| TASK TO COMPLETE |
An exact copy of each record is required.

[[ DATA EXCERPTS open ]]

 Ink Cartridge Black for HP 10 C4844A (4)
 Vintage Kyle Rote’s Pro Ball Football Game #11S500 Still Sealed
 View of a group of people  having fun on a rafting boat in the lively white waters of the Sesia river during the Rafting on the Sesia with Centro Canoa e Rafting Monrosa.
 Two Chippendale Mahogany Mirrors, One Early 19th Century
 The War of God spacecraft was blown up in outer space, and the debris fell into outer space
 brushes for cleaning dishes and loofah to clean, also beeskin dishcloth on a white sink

[[ DATA EXCERPTS closed ]]

| SOLUTION TO THE PROBLEM |
 Ink Cartridge Black for HP 10 C4844A (4)
 Vintage Kyle Rote’s Pro Ball Football Game #11S500 Still Sealed
 View of a group of people  having fun on a rafting boat in the lively white waters of the Sesia river during the Rafting on the Sesia with Centro Canoa e Rafting Monrosa.
 Two Chippendale Mahogany Mirrors, One Early 19th Century
 The War of God spacecraft was blown up in outer space, and the debris fell into outer space
 brushes for cleaning dishes and loofah to clean, also beeskin dishcloth on a white sink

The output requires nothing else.